#### Data excerpts
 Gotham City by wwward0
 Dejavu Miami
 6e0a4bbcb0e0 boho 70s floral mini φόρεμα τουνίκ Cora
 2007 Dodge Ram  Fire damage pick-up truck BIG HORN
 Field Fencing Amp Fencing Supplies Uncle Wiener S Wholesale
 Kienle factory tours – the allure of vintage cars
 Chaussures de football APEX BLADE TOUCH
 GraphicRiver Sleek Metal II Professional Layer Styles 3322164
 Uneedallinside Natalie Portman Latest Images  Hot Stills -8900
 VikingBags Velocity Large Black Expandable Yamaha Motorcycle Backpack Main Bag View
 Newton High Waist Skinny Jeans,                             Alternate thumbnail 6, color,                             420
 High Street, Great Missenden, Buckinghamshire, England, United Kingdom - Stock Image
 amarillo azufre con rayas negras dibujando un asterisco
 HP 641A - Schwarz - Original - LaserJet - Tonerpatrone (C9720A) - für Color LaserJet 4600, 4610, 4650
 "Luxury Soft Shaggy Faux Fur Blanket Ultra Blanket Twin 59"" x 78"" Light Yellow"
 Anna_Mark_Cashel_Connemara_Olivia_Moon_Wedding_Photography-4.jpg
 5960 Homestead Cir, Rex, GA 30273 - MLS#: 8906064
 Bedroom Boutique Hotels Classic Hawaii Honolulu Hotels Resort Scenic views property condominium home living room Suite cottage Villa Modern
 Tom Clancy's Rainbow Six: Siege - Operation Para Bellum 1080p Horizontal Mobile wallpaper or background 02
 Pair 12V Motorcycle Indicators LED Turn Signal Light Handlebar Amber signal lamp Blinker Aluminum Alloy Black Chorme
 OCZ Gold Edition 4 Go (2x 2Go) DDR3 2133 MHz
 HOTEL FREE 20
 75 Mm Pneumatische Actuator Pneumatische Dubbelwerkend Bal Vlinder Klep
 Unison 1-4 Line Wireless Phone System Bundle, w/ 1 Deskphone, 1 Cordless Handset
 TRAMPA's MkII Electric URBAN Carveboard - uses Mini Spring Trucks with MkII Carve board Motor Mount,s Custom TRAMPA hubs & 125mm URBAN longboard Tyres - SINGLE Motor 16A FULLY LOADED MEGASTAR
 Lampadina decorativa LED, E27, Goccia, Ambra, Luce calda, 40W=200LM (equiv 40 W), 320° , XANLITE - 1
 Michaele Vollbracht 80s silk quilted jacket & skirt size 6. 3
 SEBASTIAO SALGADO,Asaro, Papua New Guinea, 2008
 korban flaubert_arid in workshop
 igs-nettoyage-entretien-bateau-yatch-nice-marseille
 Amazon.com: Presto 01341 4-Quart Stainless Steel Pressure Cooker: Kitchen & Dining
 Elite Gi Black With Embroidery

#### Goal of the exercise
Scan the material above. Extract every line in which the word "High" occurs.

#### Answer section
 Newton High Waist Skinny Jeans,                             Alternate thumbnail 6, color,                             420
 High Street, Great Missenden, Buckinghamshire, England, United Kingdom - Stock Image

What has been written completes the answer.